### PROBLEM TO WORK ON
When you reach the line containing "2018 GMC Acadia", please repeat it and every line after it exactly, through the end of the listing below, skipping pictures.

### THE DATA
┌────────

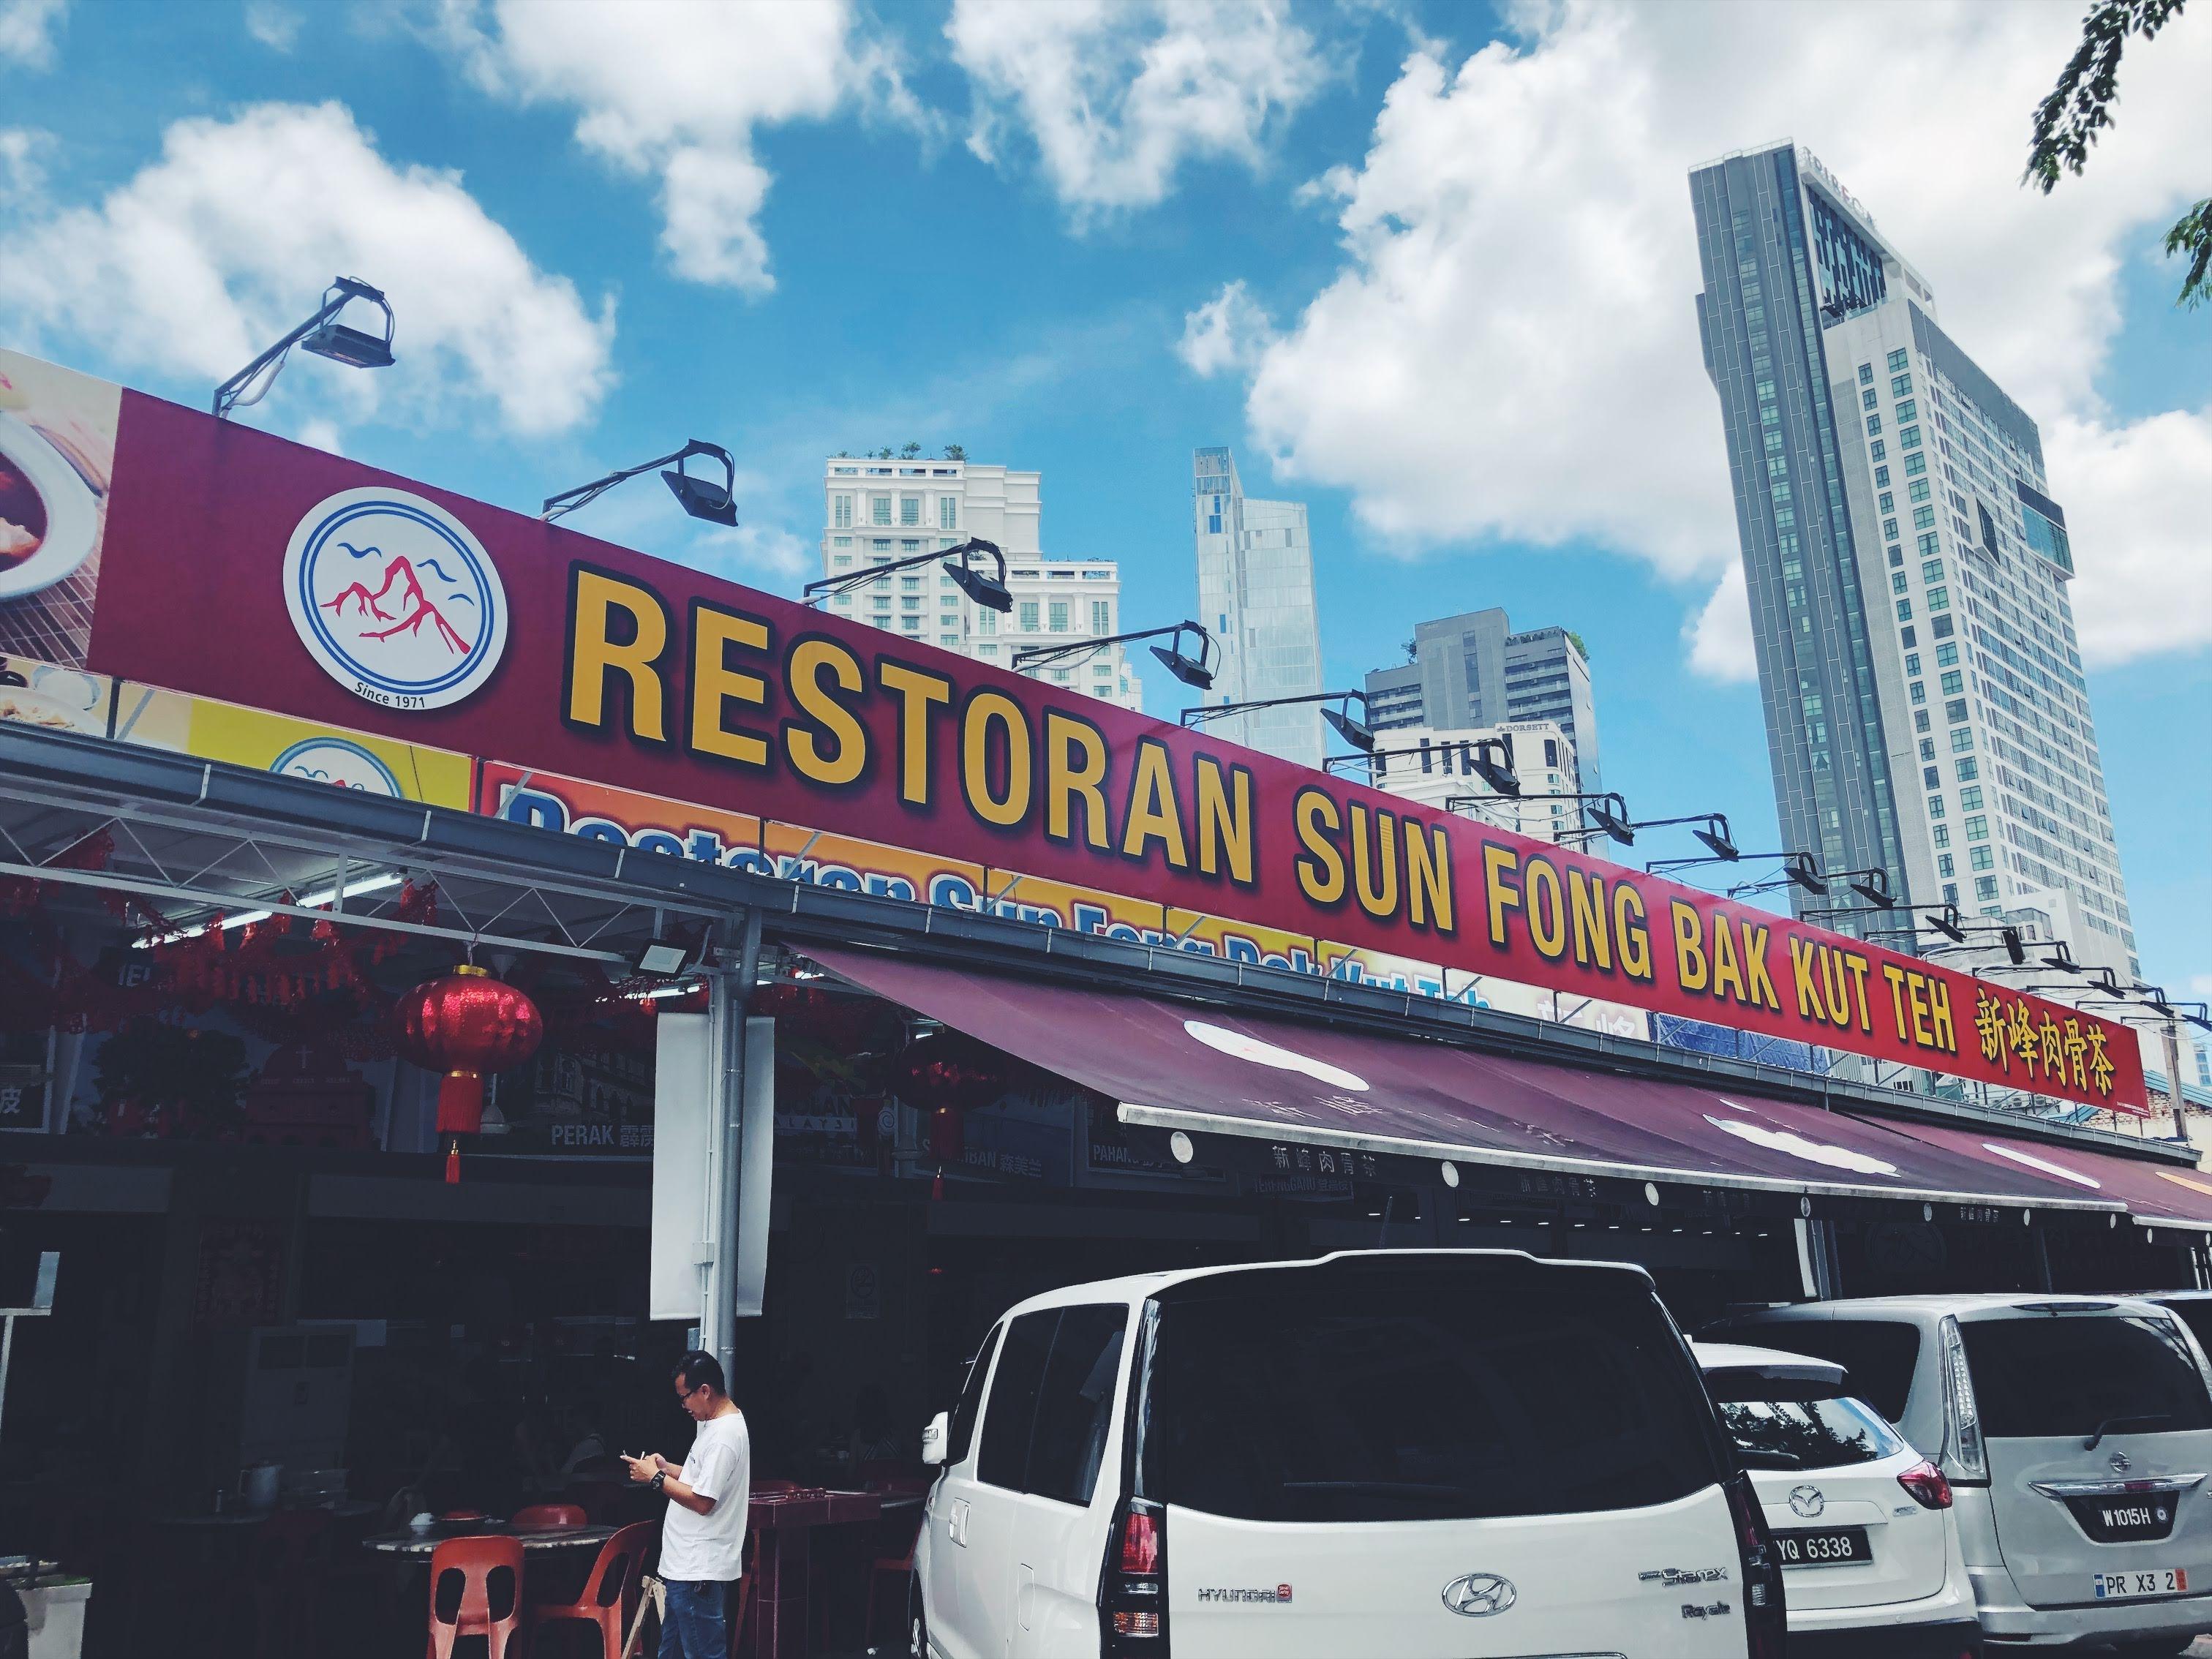 "Malaysia_BakKutTeh_SunFong_003"""""
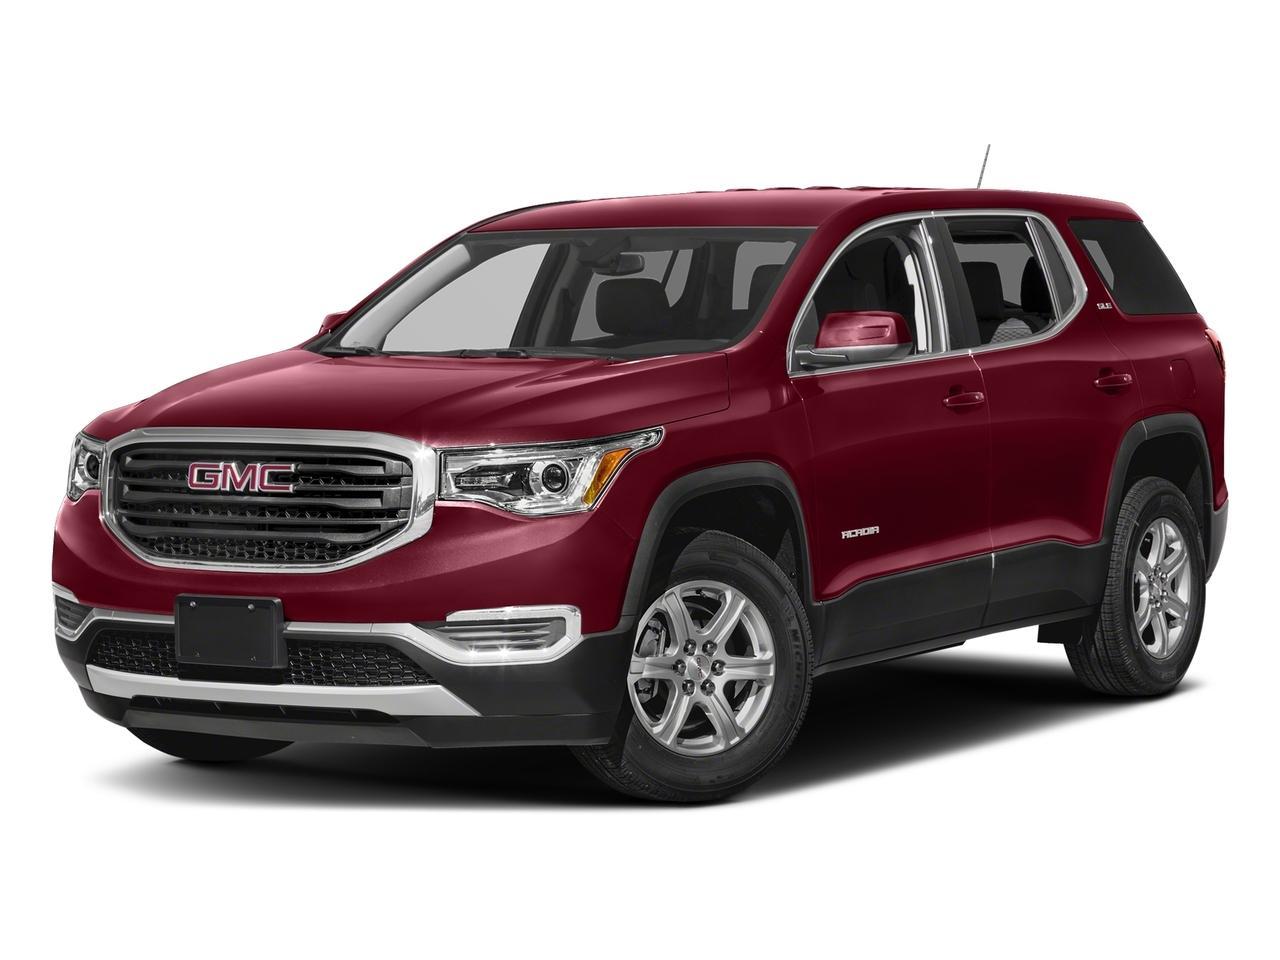 2018 GMC Acadia Vehicle Photo in Emporia, VA 23847
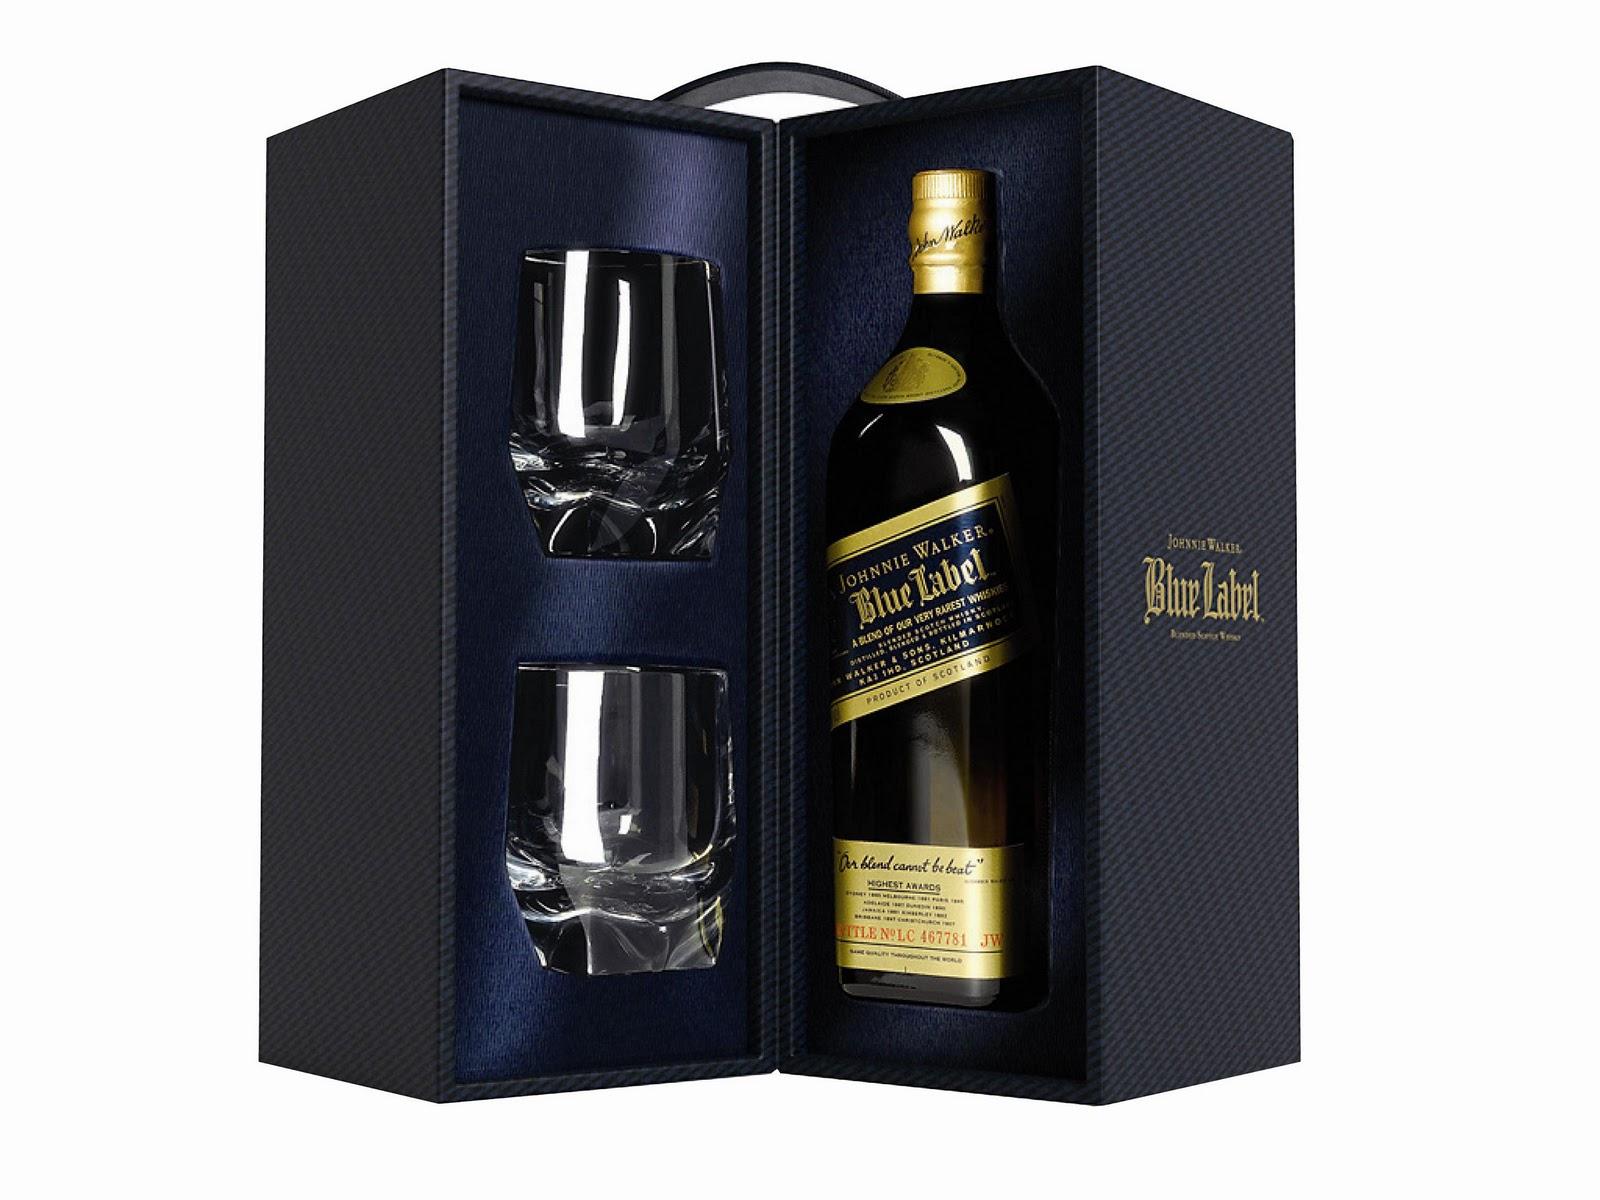 johnnie walker blue label el whisky súper deluxe de la línea johnnie

└────────

### EXERCISE RESPONSE
 2018 GMC Acadia Vehicle Photo in Emporia, VA 23847
 johnnie walker blue label el whisky súper deluxe de la línea johnnie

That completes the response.